Systematic exploration of minimum energy conical intersection structures near the Franck-Condon region.

Locating accessible conical intersections (CIs), especially minimum energy CI (MECI) structures, near the Franck-Condon (FC) region is one of the most important tasks in theoretical analyses of photoreactions. Many MECIs may exist around a FC point in molecules with many vibrational degrees of freedom. Usually, MECIs are optimized one by one starting from arbitrary chosen initial structures. In order to eliminate the arbitrariness, we have developed automated MECI search methods. In this paper, a new approach is described. It combines the seam model function approach with the recently proposed single-component artificial force induced reaction method. Starting from a FC point, the present method finds MECIs systematically.
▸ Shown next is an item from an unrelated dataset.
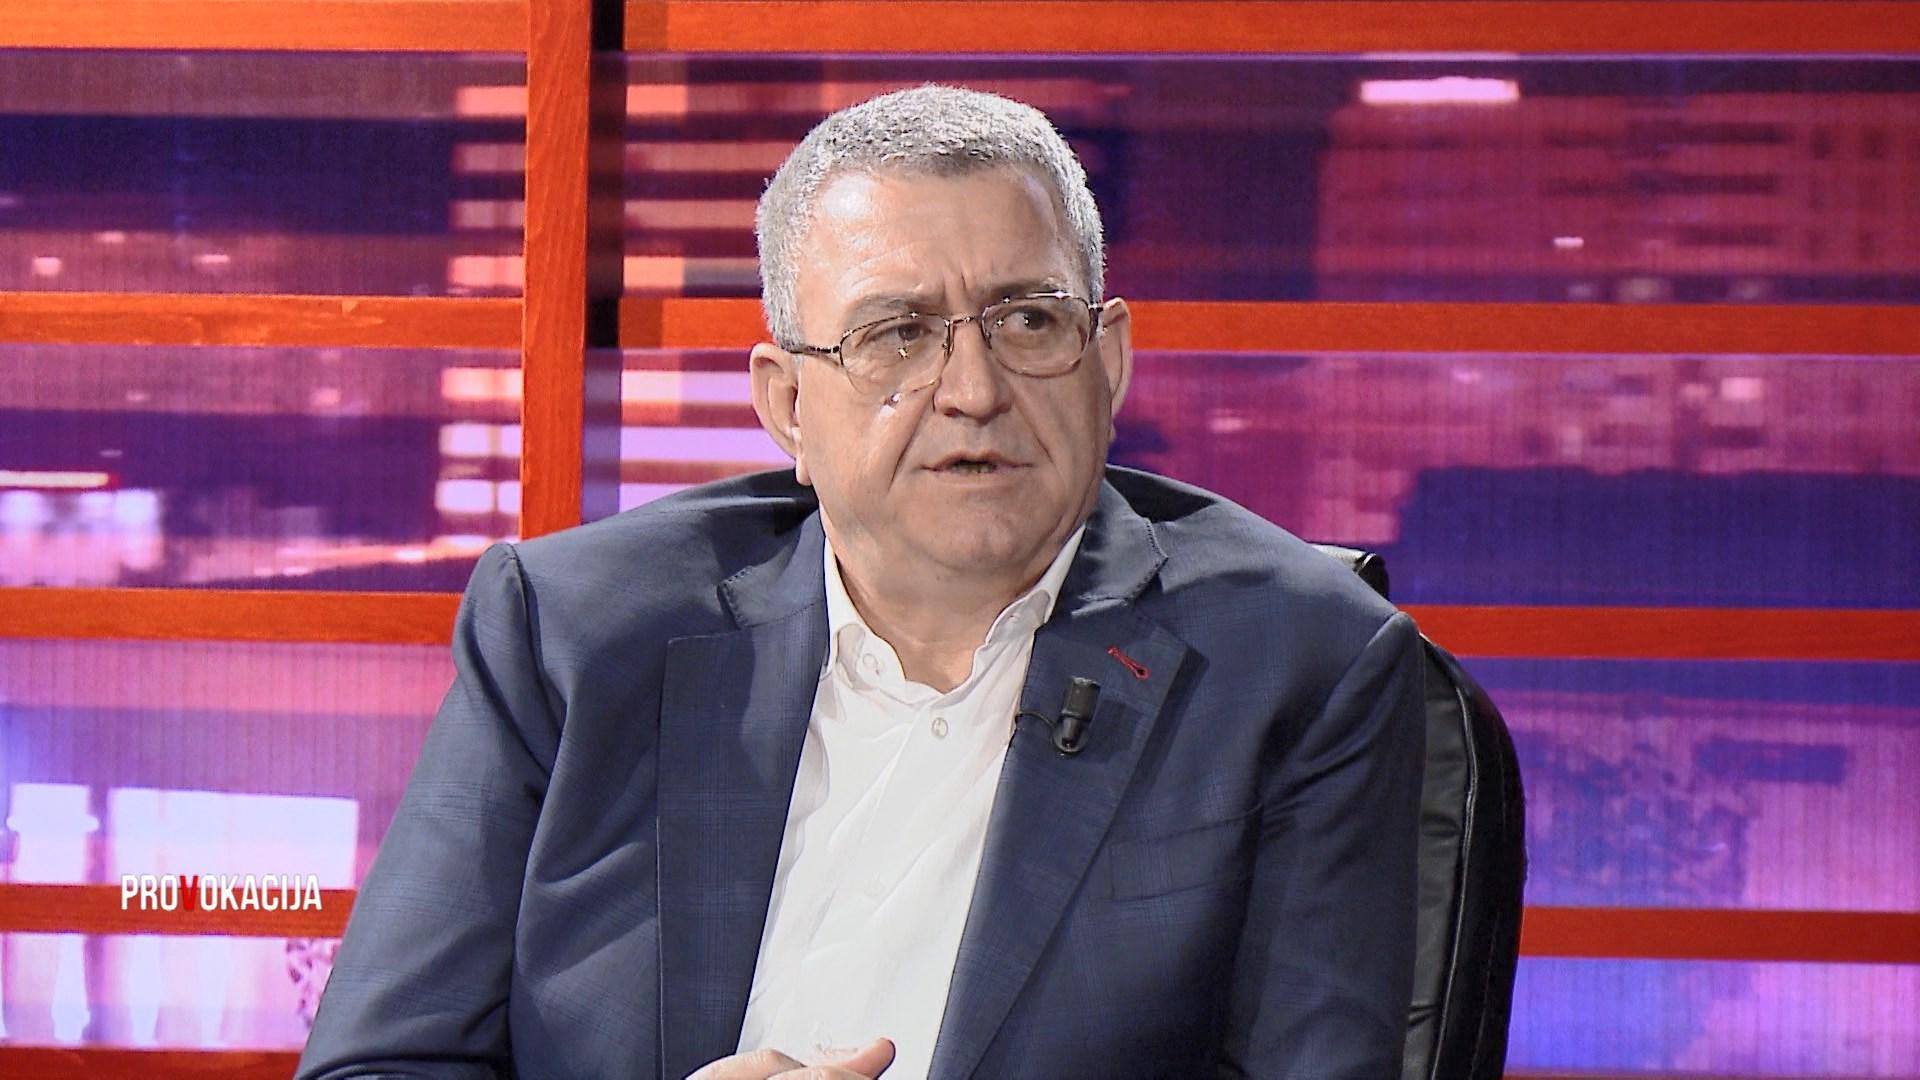 Duka në Provokacija: Në Shqipëri është e vështirë të pranohet rezultati i ndeshjes

It requires neither a Hessian nor a derivative coupling vector. In an example of the automated search, the spin-flip TDDFT was employed as an efficient electronic structure calculation method, which, together with an automated algorithm to recognize proper electronic states, allowed for evaluation of energy and gradient in a black-box fashion. The present approach was tested with trans- and cis-1,3-butadiene, thymine, and coumarin molecules. The usefulness of the present approach was demonstrated by comparing obtained MECIs with those in the literature. It is hoped that the present technique will be useful in exploration of unknown photoreaction pathways.